How to Build a Floating Desk

A wood floating desk with a blue chair in front of it.
  • 4-12 hours
  • Intermediate
  • 75-250
What You'll Need
Drill
Driver
Drillbit
Saw / chop saw
Pencil
Spirit level / laser
Hammer
Paint
Sandpaper
Screws (size used here is 8 x 3")
Rawl Plugs (size 8)
Wood glue
Caulk
Surfaced lumber
What You'll Need
Drill
Driver
Drillbit
Saw / chop saw
Pencil
Spirit level / laser
Hammer
Paint
Sandpaper
Screws (size used here is 8 x 3")
Rawl Plugs (size 8)
Wood glue
Caulk
Surfaced lumber

A floating desk is a minimalistic approach to furnishing your home. While this project in particular takes advantage of an existing small and awkward space, you can also apply it to a larger area with proper bracing underneath the tabletop.

The area where this desk is built is in a recess three feet wide. The main purpose of the desk will be to keep a laptop in a usable situation, so the desk will is 16 1/2 inches deep.

This guide uses some old lumber that's being repurposed. Incidentally, this was originally used for a cabin bed so it has the screw holes in it. This adds a bit of character; the desk is not going in a spotless office in Silicon Valley. It's for a writing desk in an old house.

Time: 2 hours || Cost: $25

Some Considerations

This example uses individual planks for the desk top, which gives interest in both pattern and texture. It also helps that the pieces can be trimmed individually so that it fits properly in the space as the walls are not square. Cutting a piece of plywood to fit properly would be possible, but more difficult. That would have involved using a template made out of cardboard for an exact fit, and then marking out and cutting the sheet material.

Don't forget that the desk needs to be strong enough for your purpose. Think about the height you'd like the desk to be at. This depends on your size, the height of the chair that you're going to sit at, and what you're going to use the desk for. In this case, a height of 30 inches from the ground to the top of the desk is perfect for typing from the desk chair.

Please note: Ensure that a pipe and/or cable detector has been used on the walls so that nothing will be drilled into, apart from plaster or brickwork. The following assumes that this check has been completed and it's safe to proceed.

Step 1 - Mark the Height

Mark on the wall the height of the top of the desk. Use a spirit or laser level to mark this line across all three walls. Remember, this is the top of the desk.

Step 2 - Lumber Calculation

Work out where the bottom edge of the framework is going to come to. Here, the frame is 2 3/4" deep and the desk top is 3/4". Therefore, I mark 3 1/4 inches down from my line on the walls. Again, use the spirit level to draw this line around all three walls. You should now have two parallel lines across all three walls.

Step 3 - Measure and Cut Framework

On the back wall, accurately measure the width between the two side walls. Mark this measurement on the lumber and cut. Sand off any rough edges. Determine the depth of the framework on the side walls.

Step 4 - Predrill Holes

This example has three screws across the back wall to support the frame. These were predrilled using a wood drill that's bigger than the screws.

1) halfway along the wood, and halfway down
2) 3" in from each end of the wood, and halfway down

Step 5 - Fix Back of Frame to Wall

Put the wood along the bottom line on the wall so the bottom of the lumber sits on the bottom line and is horizontal. Use the pencil to mark the center hole on the wall. Using a pilot masonry drill, drill the hole. Then, dill a hole suitable for the size of the rawlplug. Push the rawlplug into the hole—you may need to tap it in with a hammer if it's a tight fit. Screw in timber through the middle hole, but not too tight. Ensure the timber is horizontal.
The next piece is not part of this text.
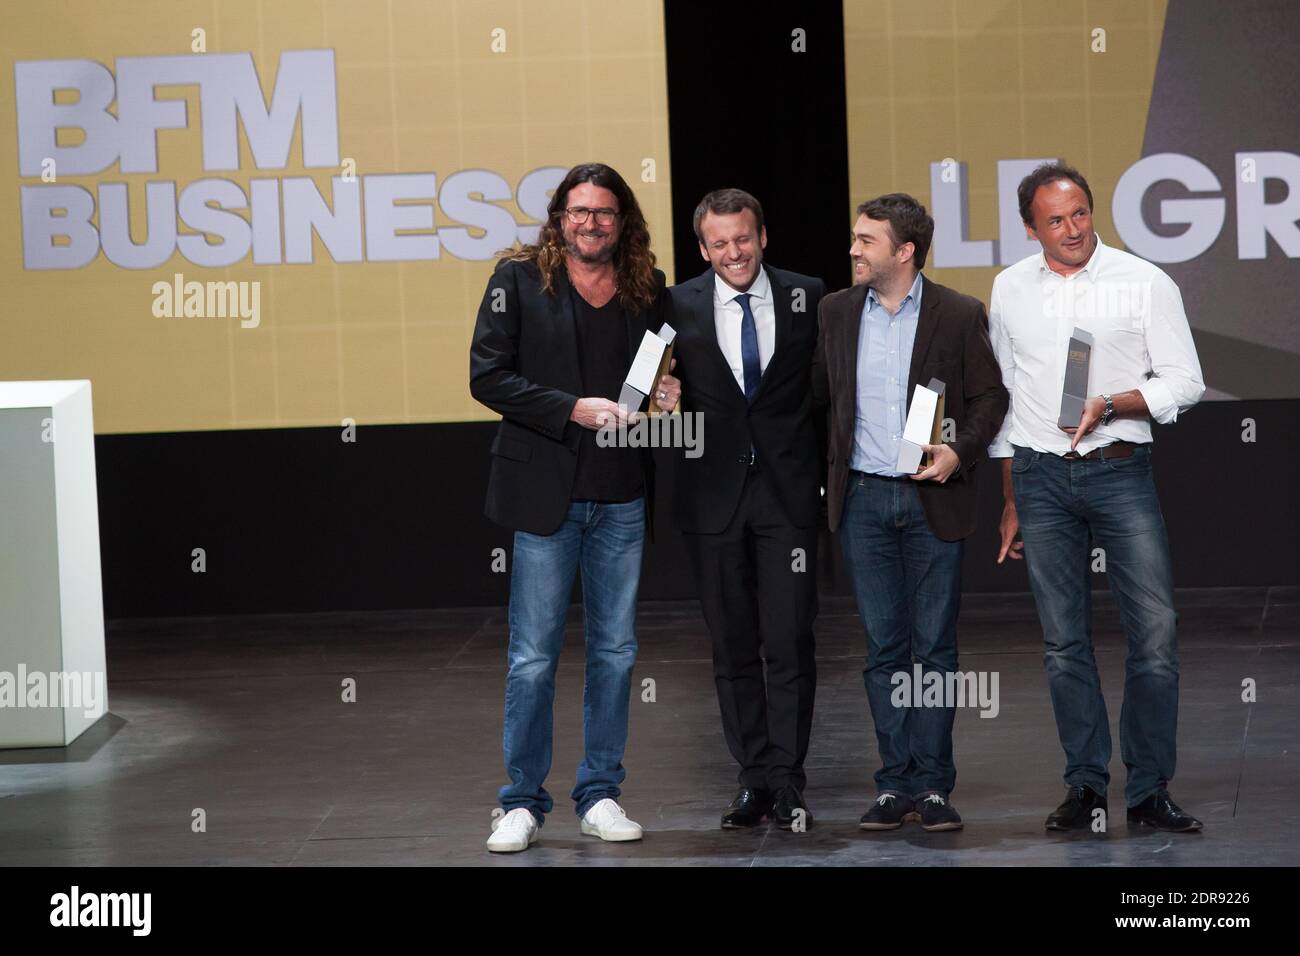 Sigfox CEO Ludovic Le Moan during the BFM Awards 2015 ceremony held at  Theatre des Champs-Elysees in Paris, France on November 2, 2015. Photo by  Christian Liewig/ABACAPRESS.COM Stock Photo - Alamy

Once satisfied, mark the remaining two holes on the wall using the pencil. Remove the timber from the wall and drill holes using the smaller drill bit first. Fit the rawlplugs. Screw lumber to the wall and tighten up. This should now be fixed firmly to the wall, and be horizontal.

Step 6 - Fix Sides of Frame to Wall

Again, use the same technique as steps 4 and 5, but this time for the sides of framework into the sides of the supporting wall.

Step 7 - Fix the Front of the Framework

The front is screwed directly into the ends of the sides of the framework and not screwed into the wall. One screw in each side is strong enough for the purpose of this particular desk. These screws are visible, although you could cap them or counterbore if so desired. Either way, measure them so that they appear to be symmetrical.

Step 8 - Apply the Desk Top

Measure across the width of the desk for each individual component of the desk top, and then cut each one individually. Start at the front so that the leading edge of the desk is square, and then if any final trimming is required, that is absorbed by the last piece to go into place. This is more hidden than the other pieces.

Once everything is cut to size, glue the pieces into place. Glue is used so that there are no more screw heads / caps on show.

Step 9 - Caulk

Once the desk is in place and the glue has hardened, you may wish to apply some caulk so that there is a seamless join between the timber and the wall.